Из снежной норы у вересков показался еще ратник. Он так же высок, как и Лукмашка, но у этого на голове шишак, поверх кольчужки накинут нагольный тулуп. Когда ратник повернулся к ветру, полы тулупишка распахнулись. Поглядев на озеро, он проворчал:

— Не разберу ничего, темень.

— А вдруг через Узмень-то крадется чужое войско? — тревожным шепотом предположил Лукмашка. — Не пора ли к воеводе?

— Постой, начнет светать — усмотрим. Костерочек бы теперь впору, Лукмашка, самый бы махонький.

— Лежанку бы тебе, Емеля, на сторожу, то-то бы! — рассмеялся Лукмашка.

— Не привык я к лежанке, не в хоромах жил, — хмуро отозвался Емеля.

— Сказывают, за буйство тебя судил князь?

— Судил, но не за буйство, а за то, что волю я свою заступил, — ответил Емеля.

— От кого?

— От ключника нашего, правителя вотчинного. Много он крови чужой выпил, не счесть, сколько мук от него претерпел народ. Теперь-то нету злыдня.

— Убрали?

— Сгиб. Пожар был в ту ночь в вотчинном острожке. Душилец не выбежал из огня.

— Не ты ли ему в том помог? — усмехнулся Лукмашка.

— Может, помог, может, нет… Забыл. В колодках привели меня в Новгород.

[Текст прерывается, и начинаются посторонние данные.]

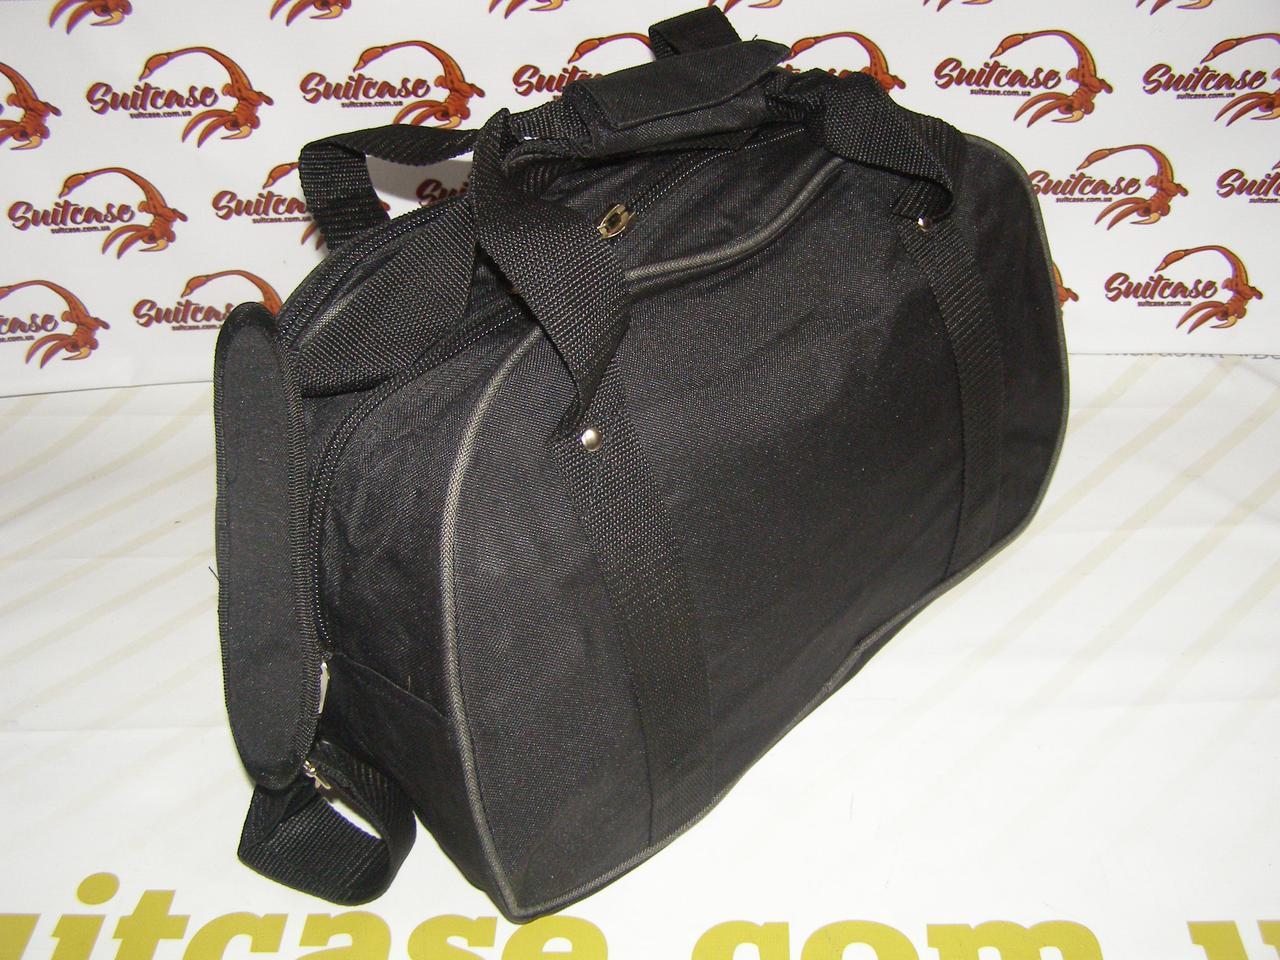 555d06588f98 Сумка овал (Маленькая) Sainkon - черная с серым, цена 473 грн., купить в  Конотопе — Prom.ua (ID#690849857)
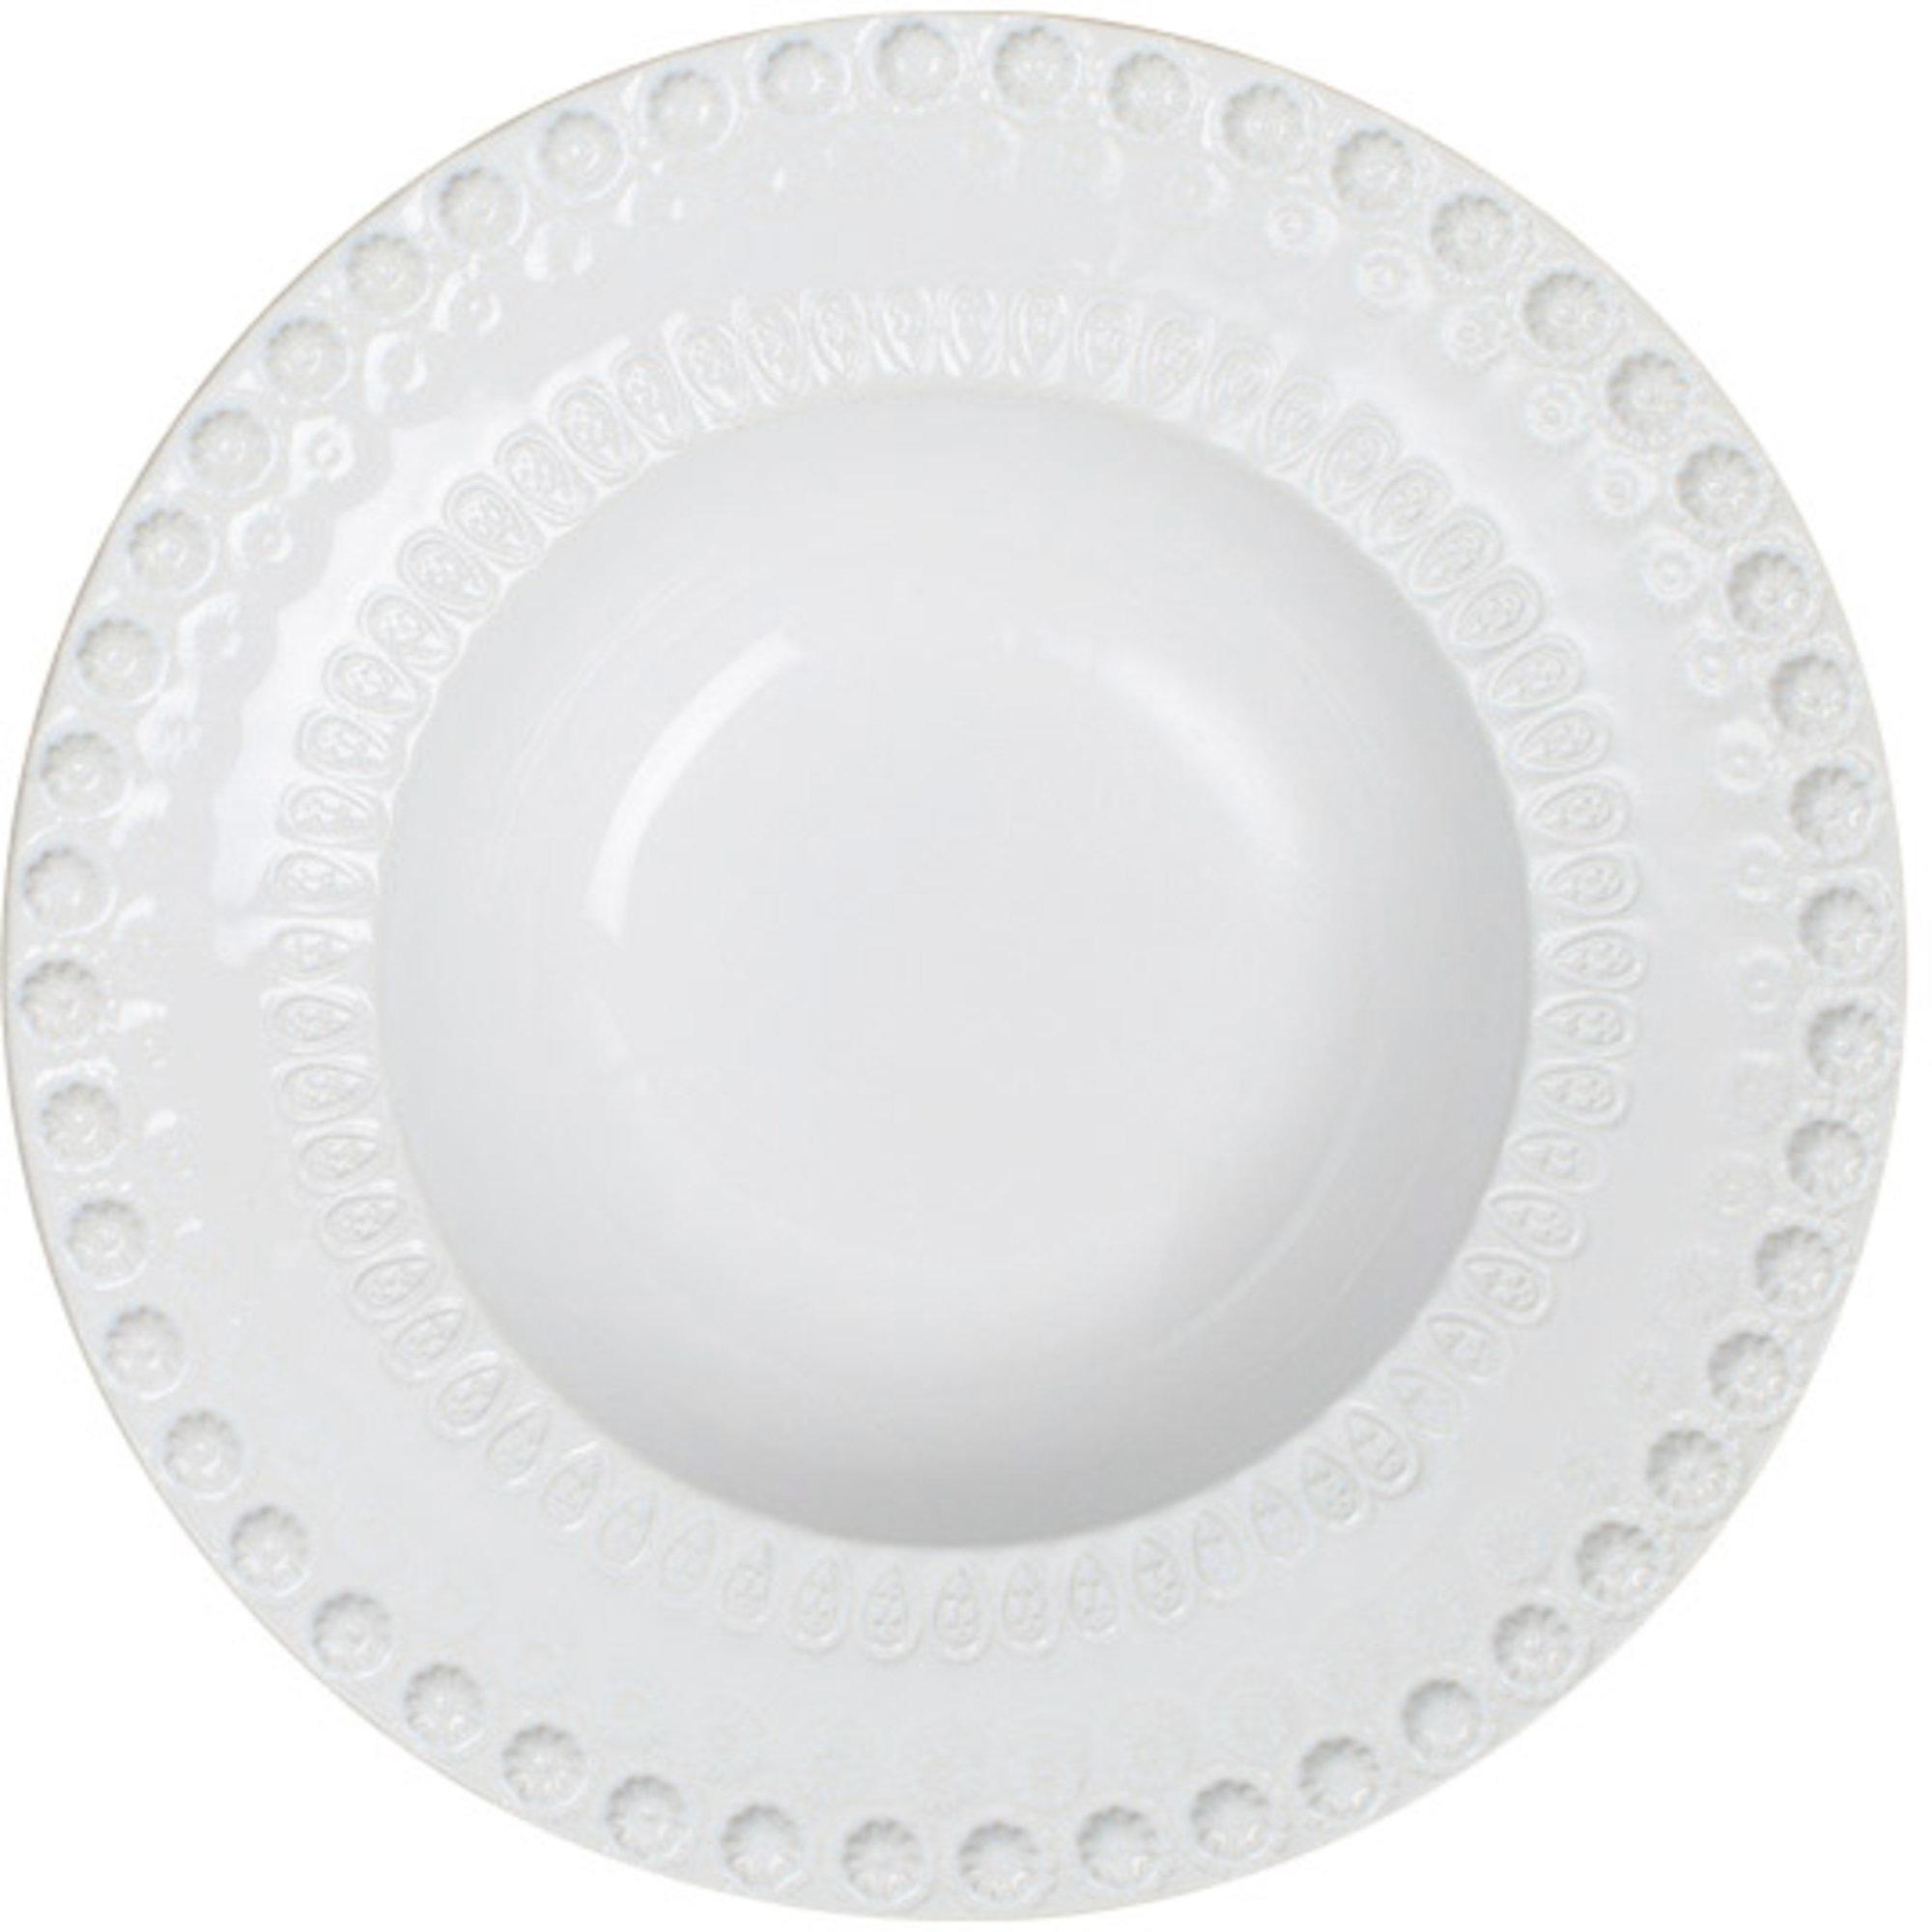 PotteryJo Daisy Soppskål 21 cm White

Ждал — скажут: надевай, Емелька, камень на шею. Погулял ты на усадьбе вотчинной у болярина Водовика, испей теперь» Волхова! Так бы и сталось. Голодный, в колодках стоял я у княжего двора, суда ждал… А тут… Не судьба, знать, мне пить Волхов. Увидел меня Савва, отрок княжий. Как ходили на Неву — встречал его на походе и в битве. Спросил он, за что терплю наказание, а потом молвил: «Не вешай, Емеля, головушку! В Волхов путь долог, авось минуешь». Молвил так и ушел. Ласковое слово его было, а мне, Лукмашка, не принесло оно утешения. От колодок да от дальней ходьбы кости у меня ломило, очи свету не видели. Но, гляжу, вернулся Савва, и вместе с ним сотник Устин. Остановился сотник поодаль, посмотрел на меня и сказал: «Жаль, Емеля, губить такого молодца, как ты; по росту да по силе в секирники гож». Не понял я тогда его слов, а Савва, как услышал, что молвил сотник, подошел ко мне и шепнул: «Жив будешь».

— И жив, — сказал Лукмашка. — Не последний воин ты в секирном полку.

— Да. Князь судил меня, но Душильца не вспомнил. Ждал я камня либо другой горькой беды, а вместо того Александр Ярославич велел мне идти к Устину и наказал: «Ростом ты люб сотнику и кровью горяч… Прими секиру, мужеством воина сними вину. На том прощение тебе и воля».

Александр Ярославич объехал войско. Он говорил с воинами о предстоящей битве, указывал, что делать полкам при встрече с врагом, как ставить щиты, биться пешим воинам с конными; велел держать наготове не только мечи, топоры, секиры и копья, но и багры, коими впору-де валить с коней закованных в тяжелую железную броню рыцарей.

— Настал час, други мои, — говорил он воинам. — Латинские крестоносцы конно и пешо идут по льду озера к нашему берегу. Они преследуют нас, верят тому, что мы бежали, устрашась силы их. И пусть верят. На погибель им это. Мы не опустили мечей, не бежали перед латинами, а к выгодам своим отошли сюда, за Узмень, и готовим встречу им, какой не ждут. Не страх и не слабость покажем в битве, а силу великую, удаль русскую! Пустим на берег, окружим, постоим за Русь, за землю отцов и дедов наших. И не ждать лыцарям пощады, возьмем войско их на щит, гибель обретет оно…

Громкие голоса воинов заглушили речь Александра.

— С тобой мы, княже!

— Не посрамим земли отчей и имени своего!

И, словно устрашась кликов новгородцев, побледнела ночная тьма. Над белой равниной озера задымился легкий туман. Солнце еще не встало, когда у дальнего берега Узмени показалось войско крестоносцев. Черною несокрушимой силой идет оно, точно готовясь затмить собою свет грядущего дня, заполонить воды и землю, истребить все, что встанет на пути.

Горе русичам! Не ушло их войско, задержалось на рубеже — примет оно тогда позор и смерть вдесятеро горшие, чем приняло вчера, в битве на Лутсне.

В голубоватой дымке тумана можно стало различить с русского берега острый клин железного рыцарского полка. Закованные в броню, в рогатых шеломах и шеломах-бочках, с крестовиной спереди, с закрытыми броней мордами коней, словно невиданные страшные чудовища, поднявшиеся из ледяных глубин озера, приближаются железные всадники.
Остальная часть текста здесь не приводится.